Dans les années 90, ces politiques de relance par la consommation et l’investissement vont être
progressivement abandonnées (vont revenir vers 2008). On voit même des économistes préconiser
des politiques inverses ou d’ « assainissement budgétaire » (opposé de Keynes) = il faut réduire le
déficit pour avoir une relance. Parmi eux, il y a notamment Giavazzi et Pagano qui considèrent que
les agents adoptent des comportements « anti-keynésiens ». En effet, si l’on augmente le revenu
des agents, le comportement keynésien serait de consommer. Dans comportement non-keynésien,
les agents ne modifient pas leur consommation. Selon Giavazzi et Pagano, ils vont diminuer leur
consommation (effet Barro amplifié). Si on admet cette hypothèse, en réduisant le revenu des
agents, les agents anti-keynésiens vont consommer plus car ils prévoient d’avoir plus plus tard.

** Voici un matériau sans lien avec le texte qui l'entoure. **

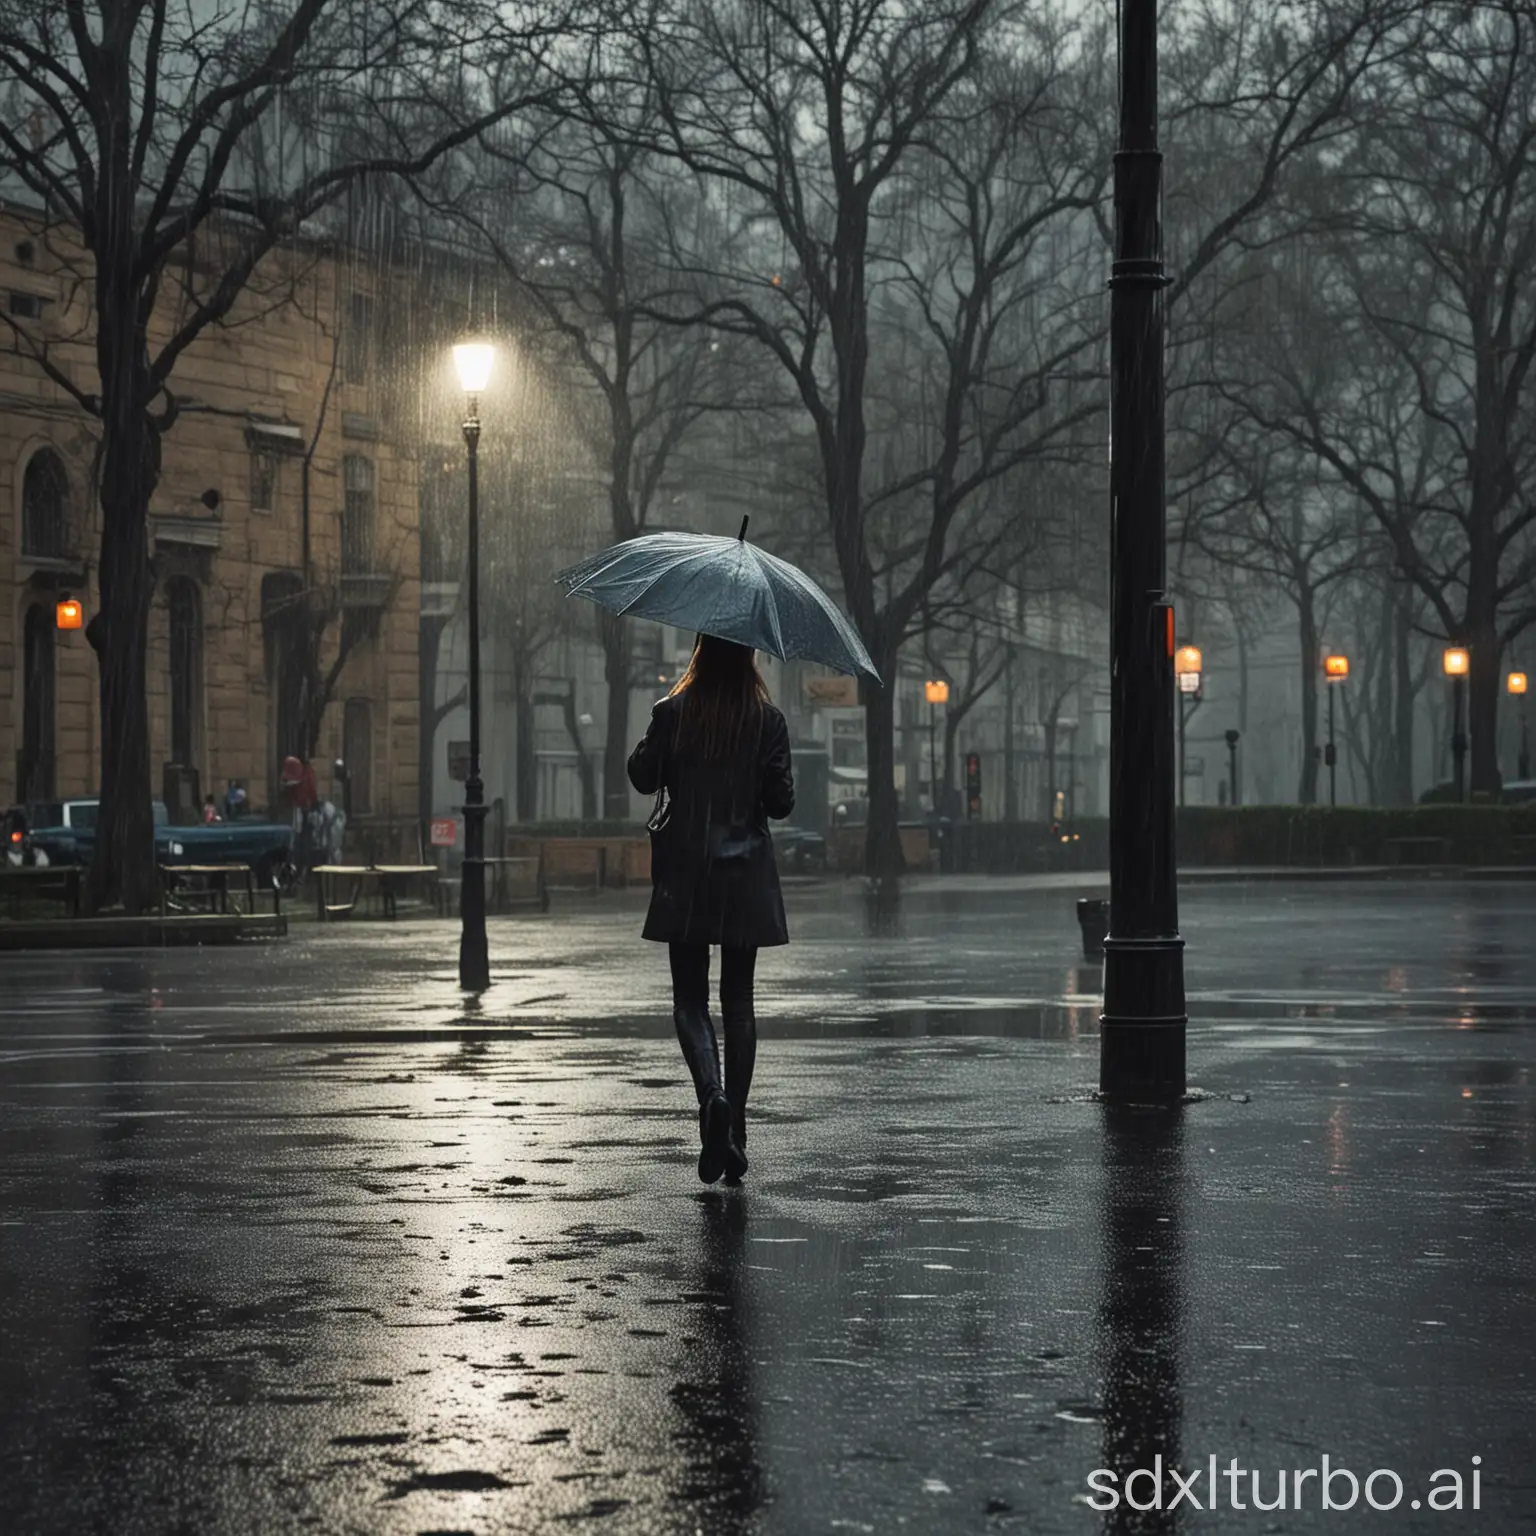 People-Walking-in-the-Rain-on-City-Streets

Ces auteurs s’appuient sur quelques exemples empiriques : le cas de l’Irlande et du Danemark. Ces
deux pays ont subi un assainissement budgétaire et en même temps une hausse de la consommation
dans les années 80. En 1980, le Danemark est en déficit budgétaire et passe à un excédent
budgétaire en 1986. Le taux de croissance est passé de -20% en 1980 à 4% en 1986. Il y a
également une baisse sensible de l’épargne qui passe de 10% à 6% = les individus puisent dans
l’épargne. Cependant, cela ne marche que pour quelques pays, on ne peut donc pas généraliser au
reste du monde. Ces politiques d’assainissement budgétaire ont échoué dans plusieurs pays comme
en Grèce. D’autre part, en s’arrêtant sur le cas du Danemark, les résultats ne sont pas si probants. Il
se pose encore le problème du sens de la corrélation. Selon les auteurs, c’est l’assainissement
budgétaire qui a permis la croissance, mais il pourrait être considéré que d’autres éléments soient
responsables de cette réduction du déficit. On pourrait surtout penser que la croissance réduise le
déficit (=corrélation dans le sens inverse).

De manière générale, le débat sur l’efficacité des politiques de relance n’est pas clos. Si l’on
regarde l’exemple du FMI, cela se voit. Le FMI finance des programmes de développement pour
certains pays. Cependant, il n’est pas obligé de le faire : souvent, il va accepter les prêts seulement
si ces pays adoptent les politiques économiques que le FMI préconise (celles des pays
développés). Dans les années 70-80, avec le Consensus de Washington, le FMI et la Banque
Mondiale préconisent, voire forcent l’adoption de politiques économiques libérales. On va imposer
aux pays au développement une libéralisation du capital, une stabilisation (assainissement
budgétaire) et une privatisation. On s’oppose donc alors aux politiques de relance keynésiennes.
Cependant, pour les pays en développement qui ont adopté ces politiques, les effets constatés sont
néfastes : hausse de la mortalité infantile, baisse de l’éducation dans le primaire… Le FMI a donc
reconnu le problème et a arrêté d’imposer ces politiques au début des années 2000. En 2002,
Stiglitz, économiste en chef de la Banque Mondiale démissionne après leur échec et publie « La
Grande Désillusion » qui va contribuer au basculement vers des politiques plus keynésiennes.

Les débats vont se cristalliser autour du multiplicateur : pendant longtemps, le FMI a considéré
que le multiplicateur ne marchait pas (ils estimaient sa valeur dans leur modèle à 0,5 = les effets
d’une politique de relance sont plus faibles que l’investissement de départ). Il a cependant du
reconnaitre qu’il s’était trompé et qu’il avait sous-estimé la valeur du multiplicateur en révisant sa
valeur à la hausse (de 0,9 à 1,7) => les politiques de relance ont des effets plus importants que ce
que le FMI pensait et les politiques d’assainissement budgétaire ont des effets plus importants
également (=multiplicateur à la baisse). Ils ont donc admis que les politiques d’austérité avaient des
effets plus négatifs que ce qu’ils pensaient.